When you ask Americans to sit down and chart out their actual preferences, you end up with a result that is frustrating to the activists and politically oriented folks of both sides - Americans tend to come down with a sort of European Approach, that allows abortion generally in the first trimester, and starts to sharply restrict it as the child ages. That, however, requires overturning ROE.
If the SCOTUS, after this trick, continues to be out of step with American culture, then popular support for changing its structure to reign it back in will be less and less shocking to voters. SCOTUS may not be vulnerable to popular perception in the short term but it certainly is over time if actions are taken little by little. The door is now open for that.

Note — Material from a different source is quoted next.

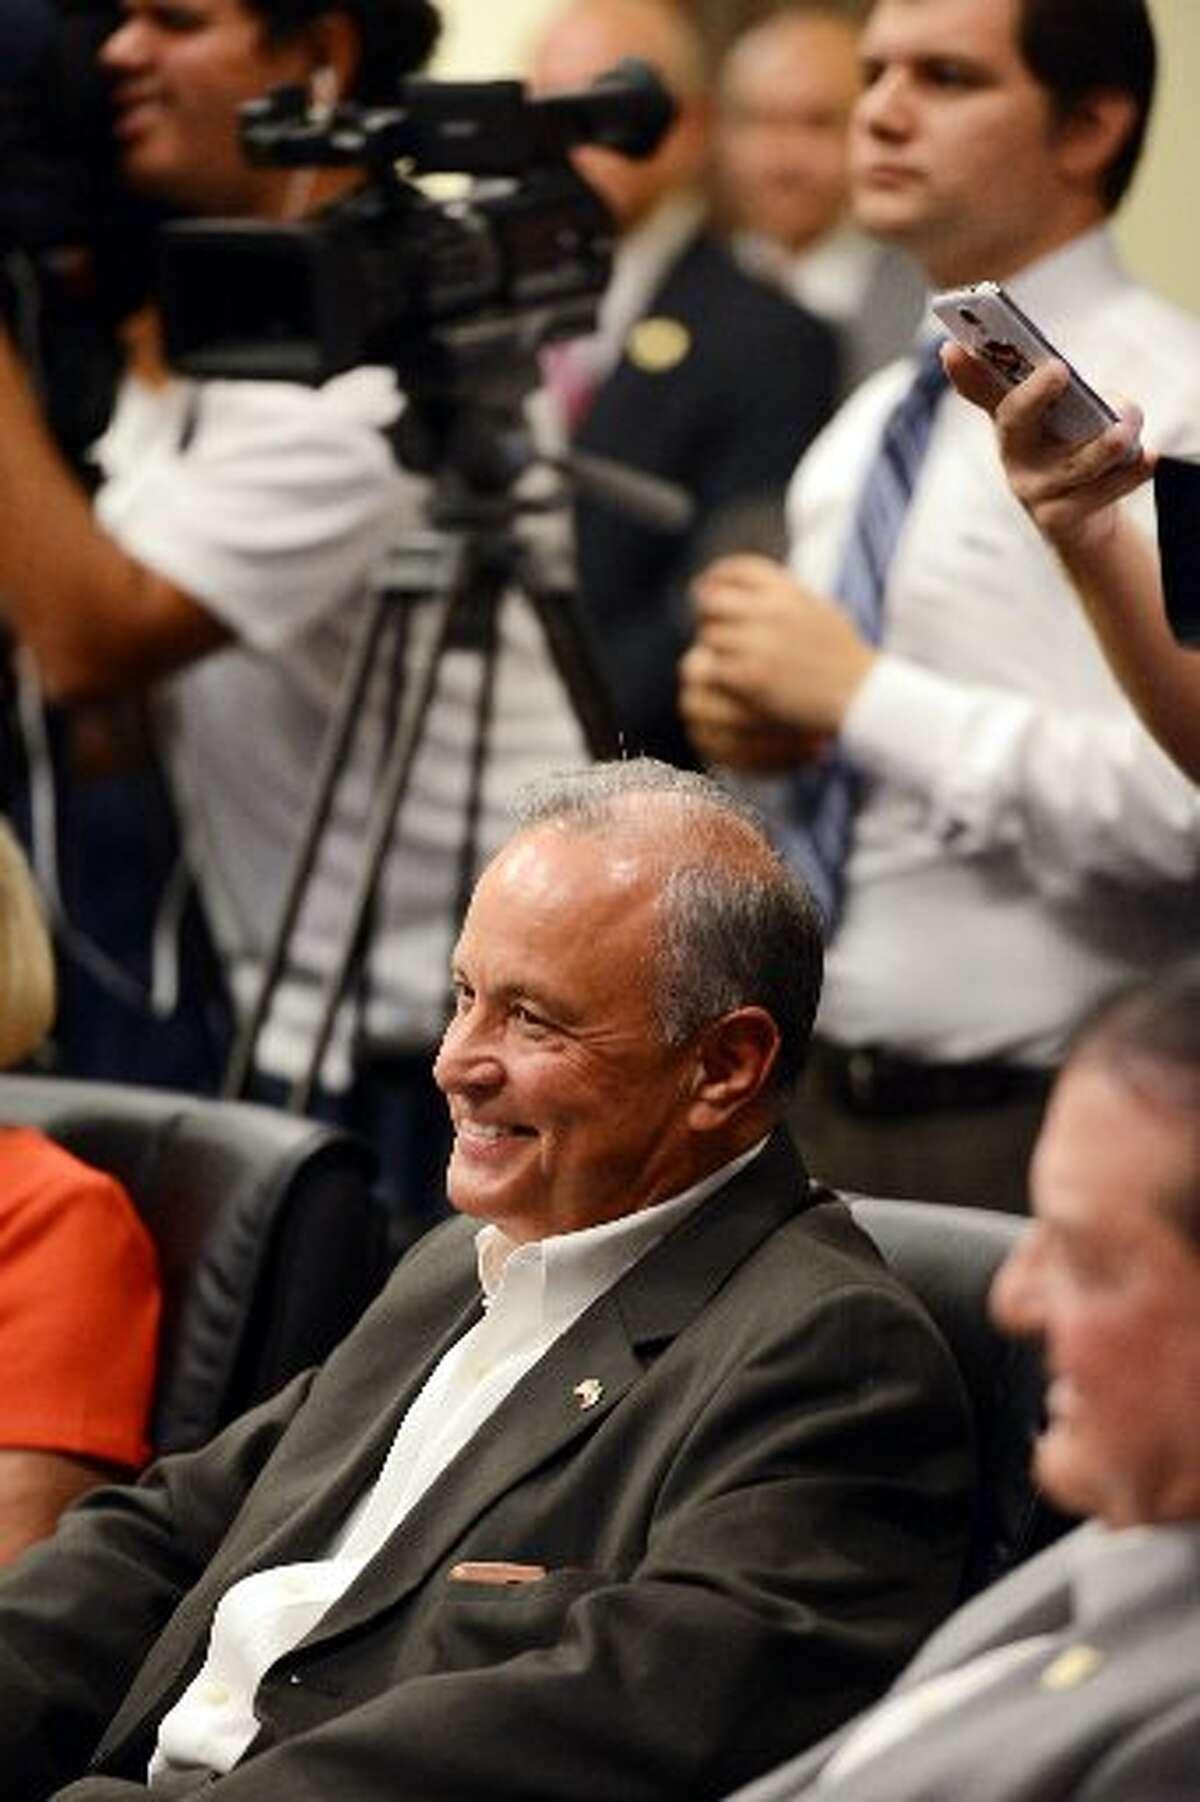 (AP Photo/The Brownsville Herald, Brad Doherty)
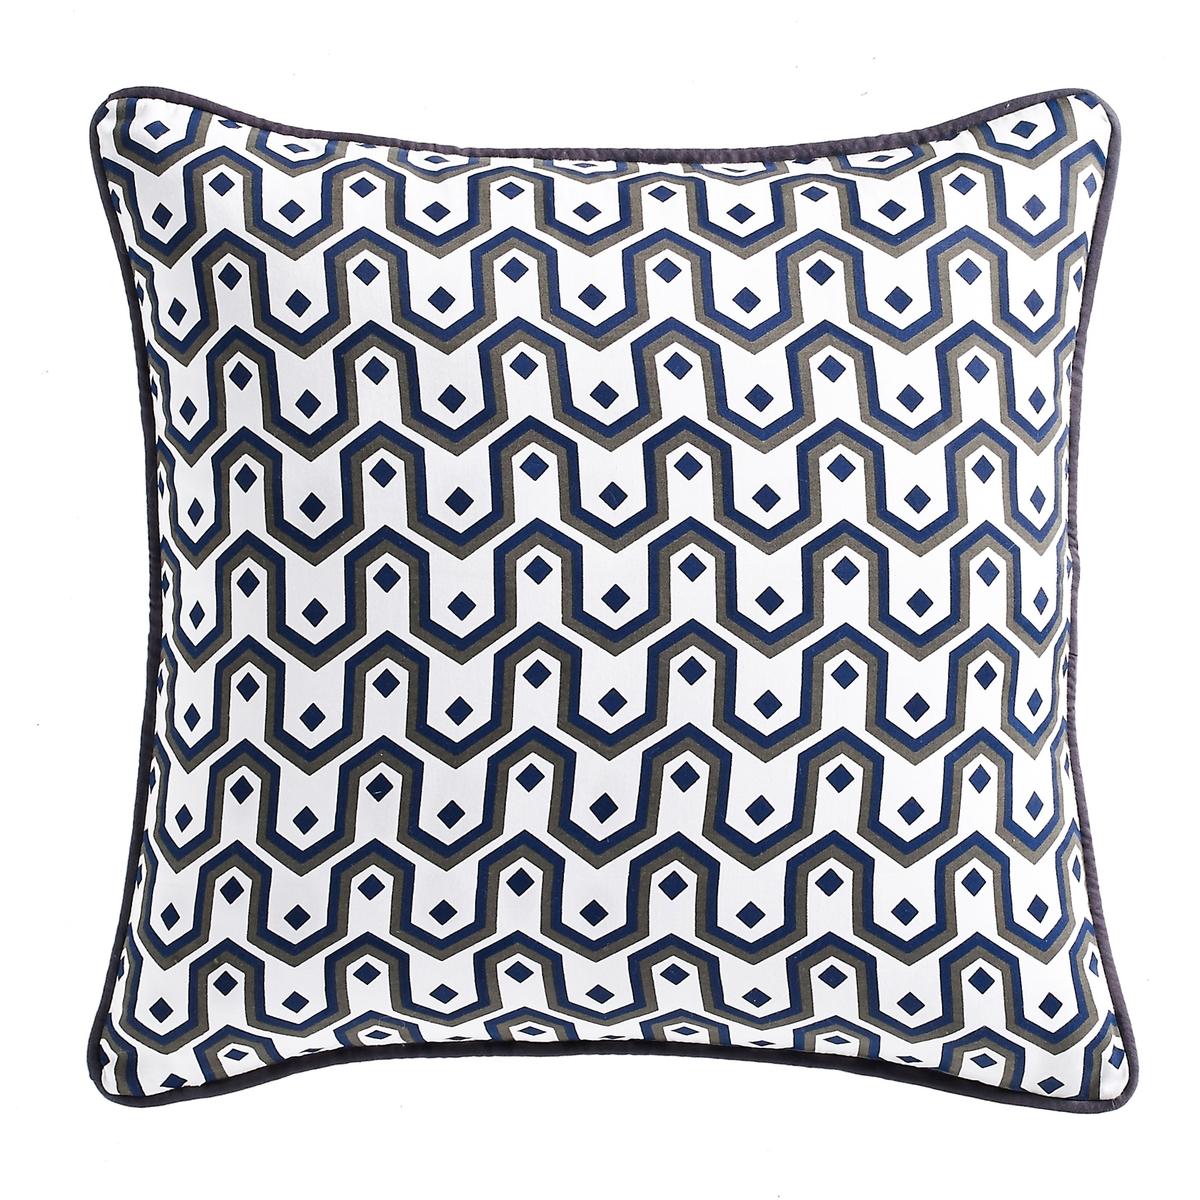 Чехол для подушки из хлопкового сатина с рисунком, Selisa

The Door has been opening for that since Roe, which - along with other attempts to use the Court to help "Progress" society - helped turn Presidential contests (and, to a lesser extent, Senatorial contests) into an all-or-nothing contest over who would get to appoint the Judges that determined the major questions for our society.
People who went to church on a weekly basis voted against Trump in the 2015/2016 primaries.... and came out en masse to vote for him in November 2016 - because of Roe. I was the first person on this forum to identify the fascistic tendencies of the Trump movement, and to declare myself NeverTrump, and Roe is the only thing could have pulled me back - and, had I known for a fact that my vote would put him in, and that he would appoint the justices that would end Roe, I would have. Because, at the end of the day, we had put so many major decisions in the hand of the court - the mass murder of children! - that nothing else mattered, compared to it.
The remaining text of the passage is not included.